Войти
 | |
|---|---|
| Содержание | |
| Описание | База данных Rfam предоставляет сопоставления, согласованные вторичные структуры и ковариационные модели для семейств РНК. |
| Типы данных захвачены | Семейства РНК |
| Организмы | все |
| Контакт | |
| Исследовательский центр | EBI |
| Первичное цитирование | PMID 33211869 |
| Доступ | |
| Формат данных | Стокгольмский формат |
| Веб-сайт | rfam.org |
| Скачать URL | FTP |
| Разное | |
| Лицензия | Всеобщее достояние |
| Добавляемые в закладки объекты | да |
Rfam - это база данных, содержащая информацию о семействах некодирующих РНК (нкРНК) и других структурированных элементах РНК. Он является аннотированный, открытый доступ к базе данных, первоначально разработанный в Wellcome Trust Sanger Institute совместно с Janelia хуторе, и в настоящее время размещается в Европейском биоинформатики институте. Rfam разработан, чтобы быть похожим на базу данных Pfam для аннотирования семейств белков.

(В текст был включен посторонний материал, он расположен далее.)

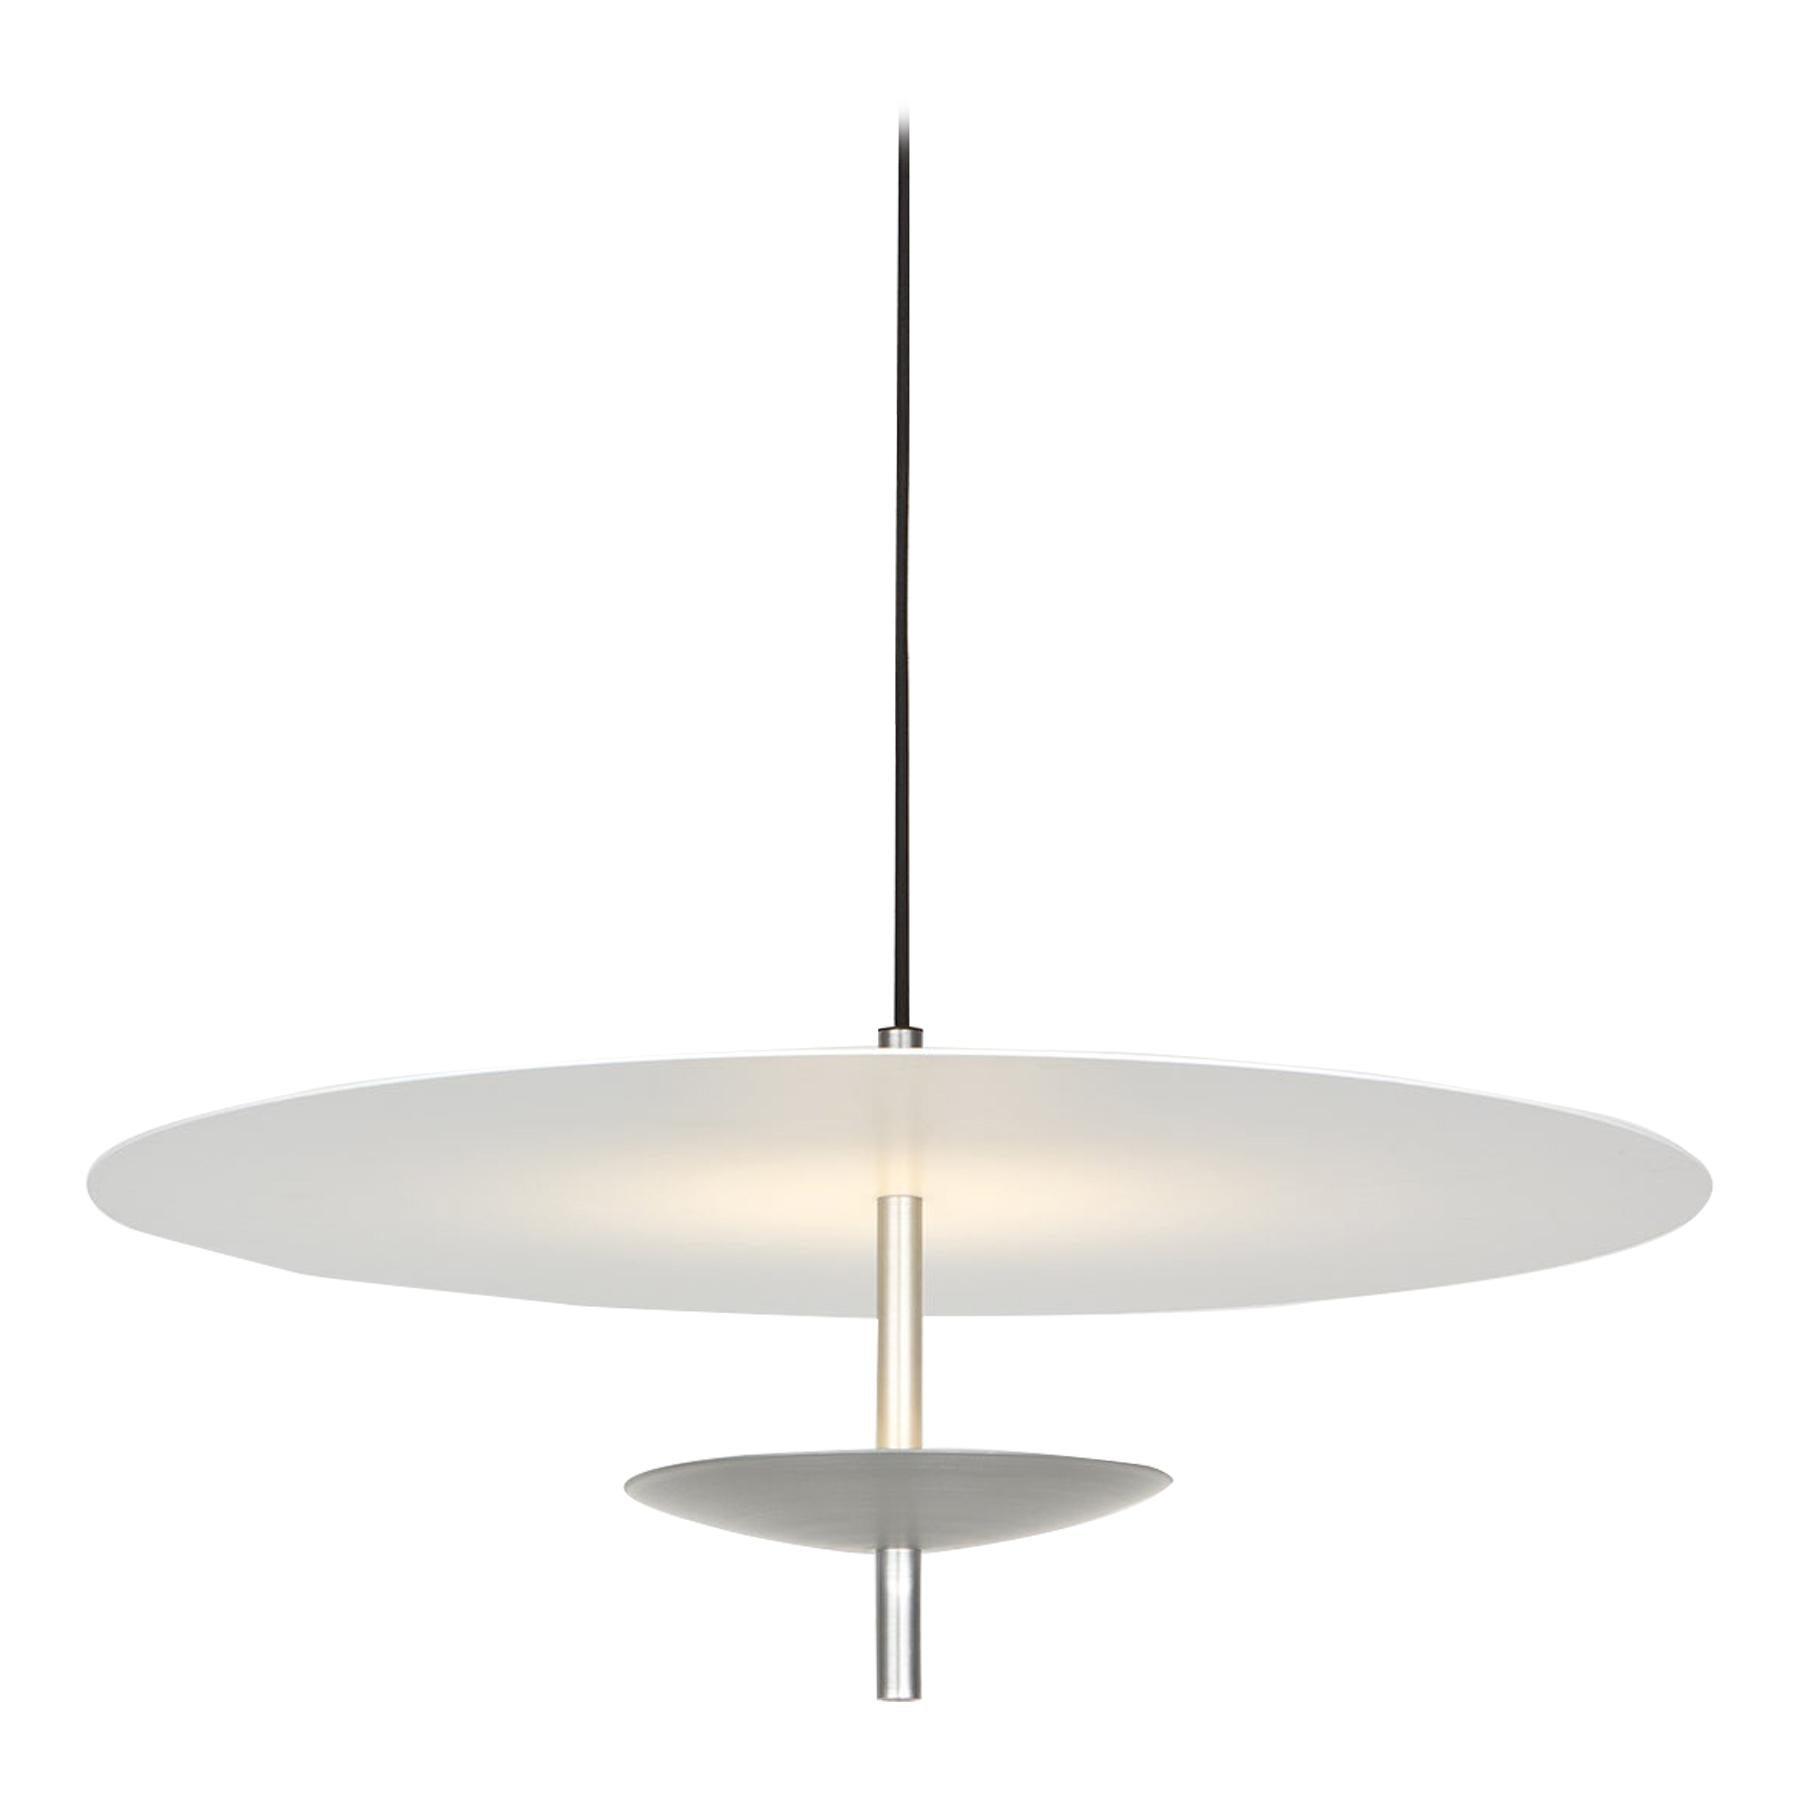 Reflector LED Pendant Light, Anodised Aluminum, Silver, White Shade

В отличие от белков нкРНК часто имеют сходную вторичную структуру, но не имеют большого сходства в первичной последовательности. Rfam делит нкРНК на семейства на основе эволюции от общего предка. Получение множественных выравниваний последовательностей (MSA) этих семейств может дать представление об их структуре и функциях, как и в случае семейств белков. Эти MSA становятся более полезными с добавлением информации о вторичной структуре. Rfam исследователи также вносят свой вклад в Википедии «s РНК WikiProject.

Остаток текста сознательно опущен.